On August 12, 2003, the Court entered the Memorandum and Order granting the motion to appoint the Pension Fund Group II as lead plaintiffs and approve its choice of lead and liaison counsel. On August 19, 2003, the Court entered the Order granting the motion to consolidate the actions. On October 27, 2003, the plaintiffs filed a Consolidated Complaint, and the defendants responded by filing a motion to dismiss. On May 20, 2004, the Court entered the Order denying the motion to dismiss. On August 20, 2004, the plaintiffs filed a motion to certify the class which was later withdrawn by the Order entered on October 25, 2004. On April 3, 2006, the plaintiffs filed a motion to certify the class. On January 25, 2007, the motion was granted. On May 31, 2007, the defendants filed a motion for summary judgment.

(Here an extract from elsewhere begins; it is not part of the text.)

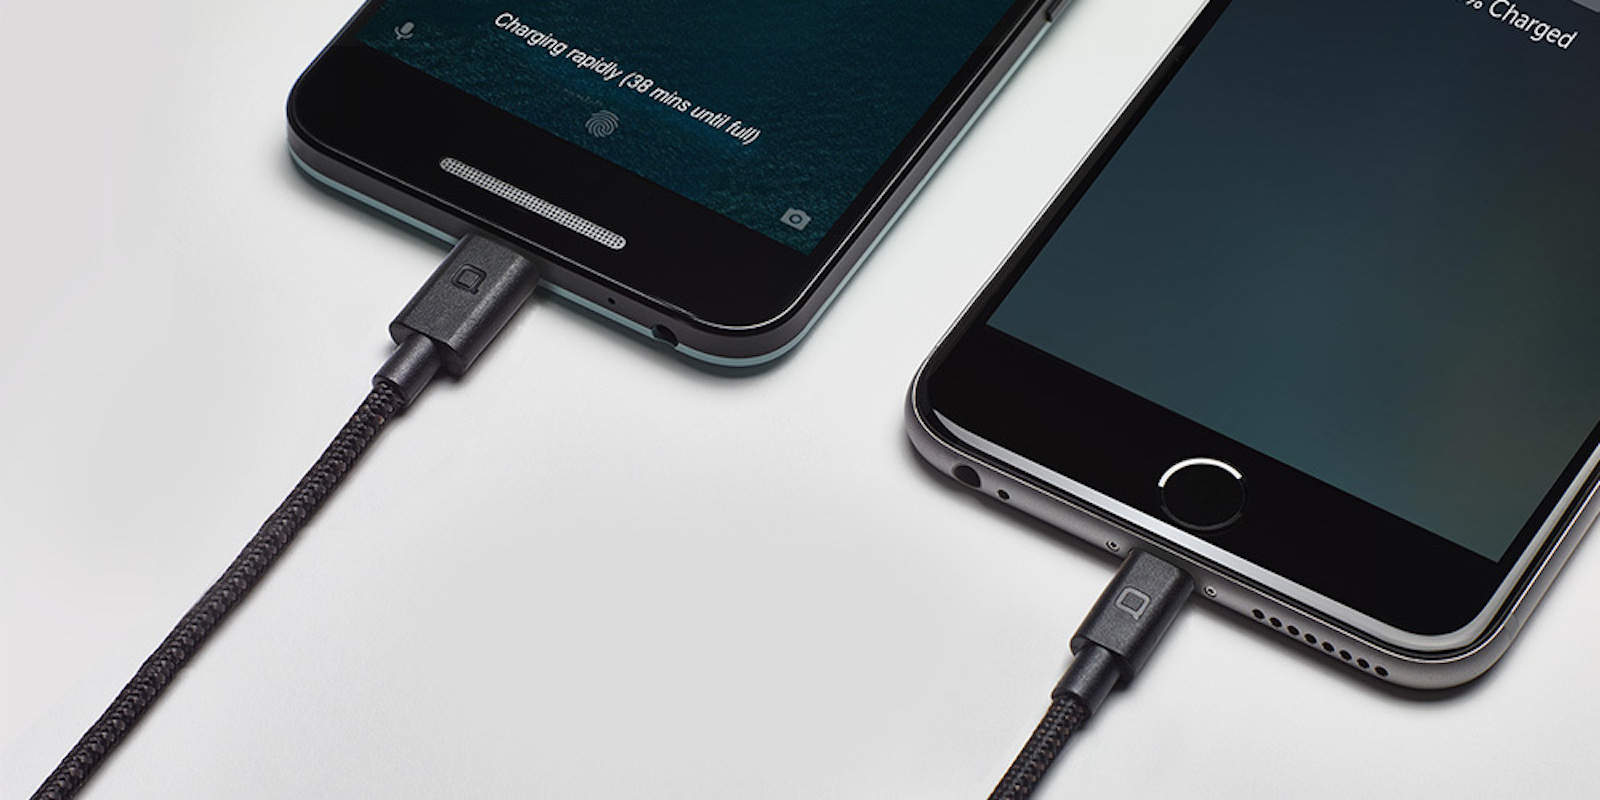 This military-grade kevlar charging cable will stand the test of time

According to an article dated October 31, 2007, a union pension plan's securities class action that accused Pfizer Inc. of misrepresenting clinical studies of hit arthritis painkiller Celebrex has been junked because, according to the New Jersey district judge who oversaw it, the plaintiffs dallied too long before filing it. Judge Anne Thompson said that for the type of Securities Exchange Act claims the Alaska Electrical pension Fund and others had filed in 2003, the statute of limitations was two years after the discovery of the facts constituting the violation. The date of that discovery, or inquiry notice, was to be based on when the plaintiffs had enough information to incite storm warnings of liable activity in any reasonable investor — in other words, the date the plaintiffs should have known about the alleged fraud, even if the plaintiffs claimed not to have known about it by that date.
On November 21, 2007, the plaintiffs filed a notice of appeal from the October 30, 2007 Memorandum and Order granting the defendants’ motion for summary judgment. On December 4, 2007, the defendants filed a notice of cross appeal. On January 30, 2009, the Court entered the Judgment from the U.S. Court of Appeals. According the Judgment, the Judgment of the District Court is vacated and this matter is remanded for further proceedings.

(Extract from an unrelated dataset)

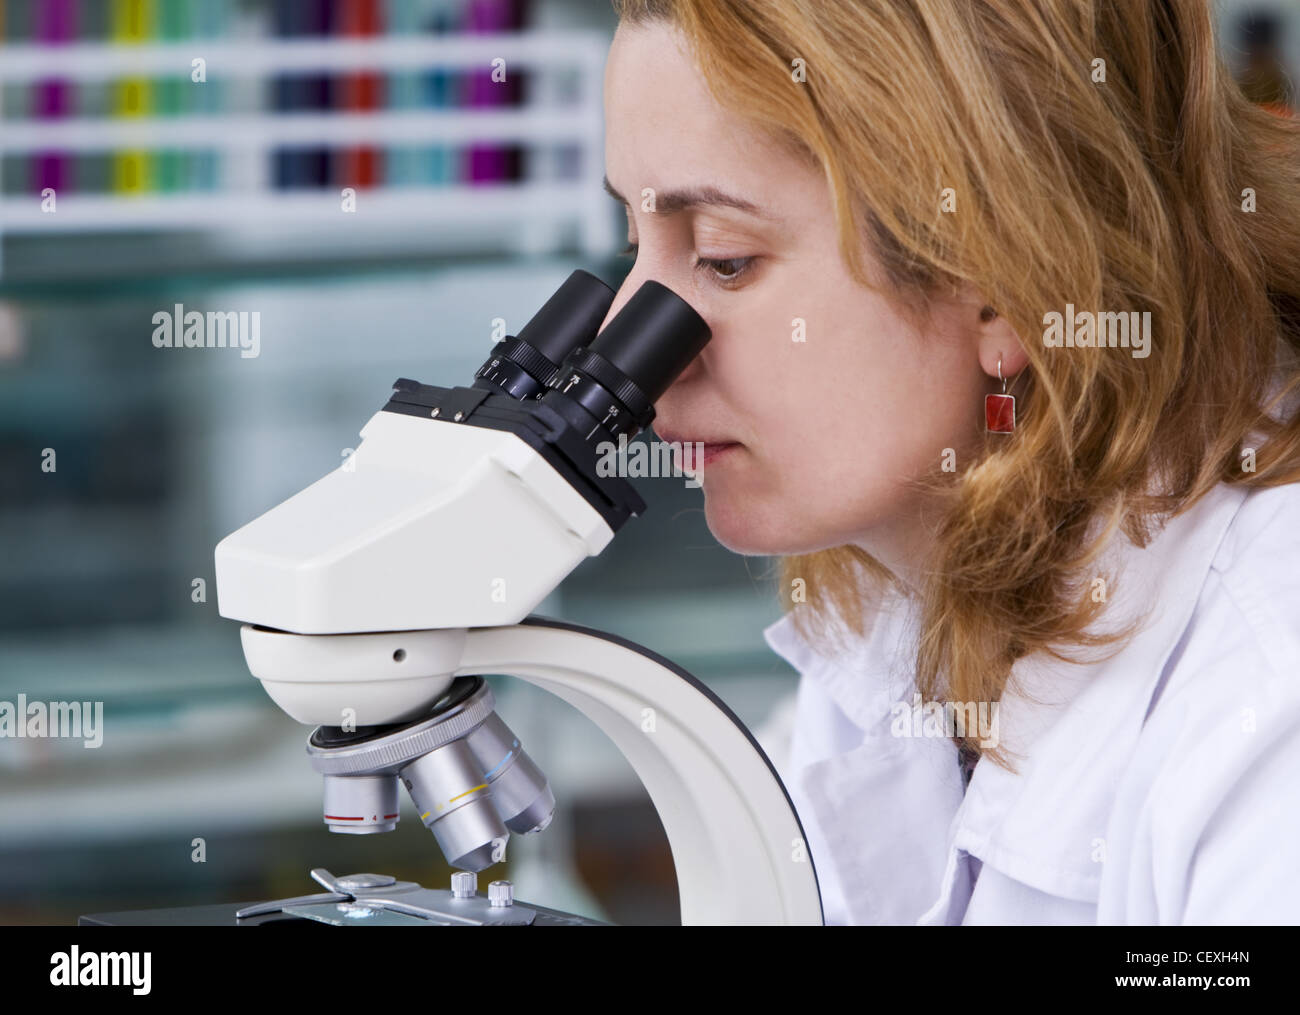 Female researcher looking through a microscope in a laboratory. Stock Photo

On May 7, 2009, the plaintiffs filed a motion to appoint co-class counsel, and on June 10, 2009, the motion was granted. Motley Rice LLP was approved As Co-Class Counsel. On June 23, 2009, the case was stayed pending the United States Supreme Court's resolution of the Merck Action and defendants’ pending petition to the United States Supreme Court for a Writ of Certiorari.
On May 14, 2012, the Court issued an Order denying the Defendants' Motion for Judgment on the Pleadings.

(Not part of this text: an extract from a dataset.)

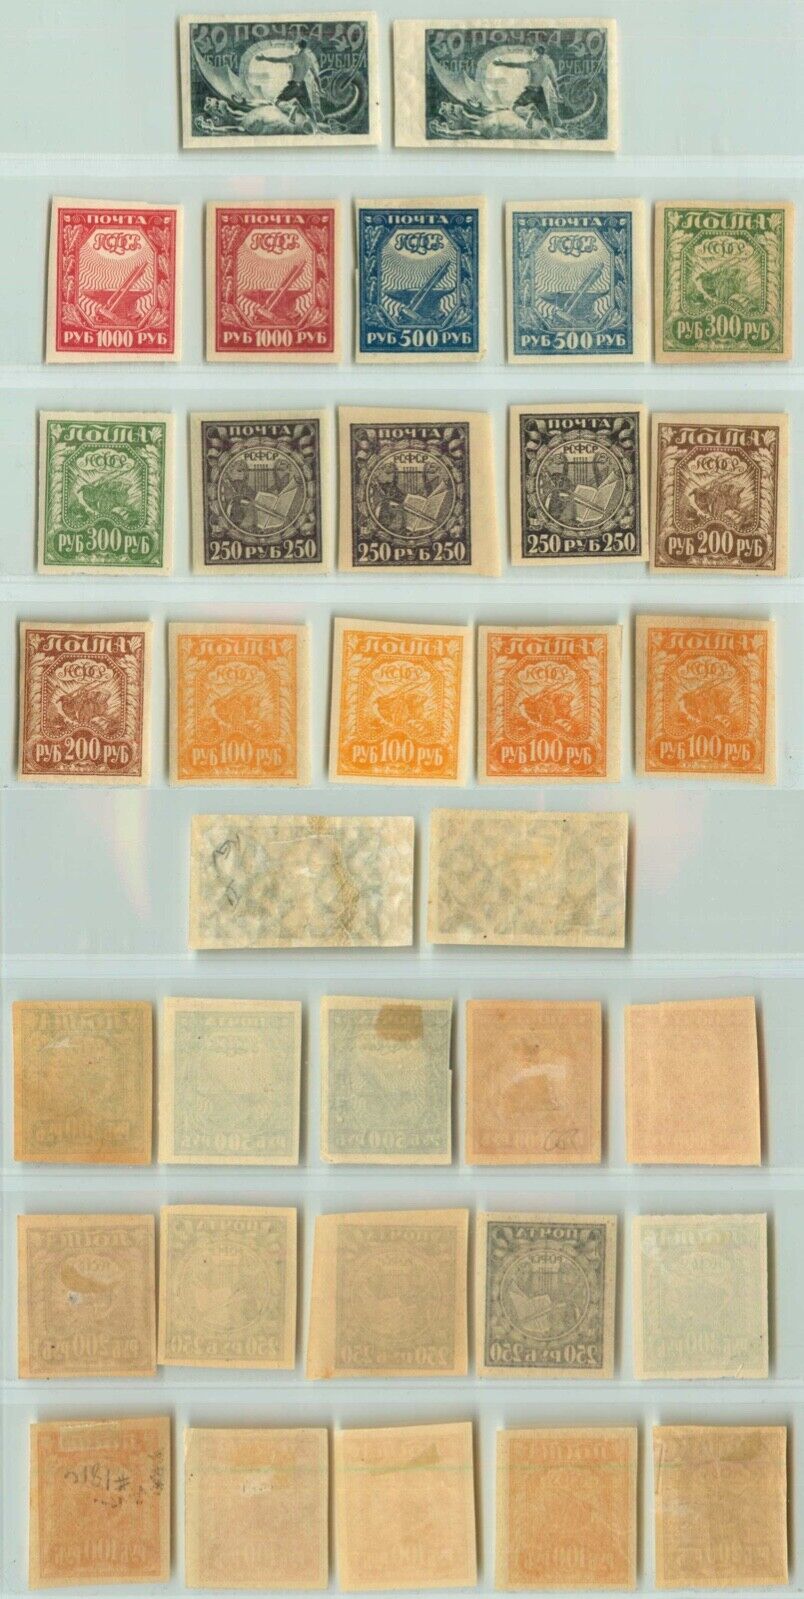 Russia RSFSR 1921  SC 181-186, 187 mint different shades and paper. g3961

On October 5, 2012, the Parties entered into a Stipulation of Settlement. On October 12, 2012, the Court issued an Order Preliminarily Approving Settlement and Providing for Notice.
On January 30, 2013, the Court issued an Order approving the plan of allocation for the Settlement. On the same date, the Court issued an Order awarding attorneys' fees and expenses. Finally, the Court issued a Final Judgment and Order of Dismissal with Prejudice, closing this case.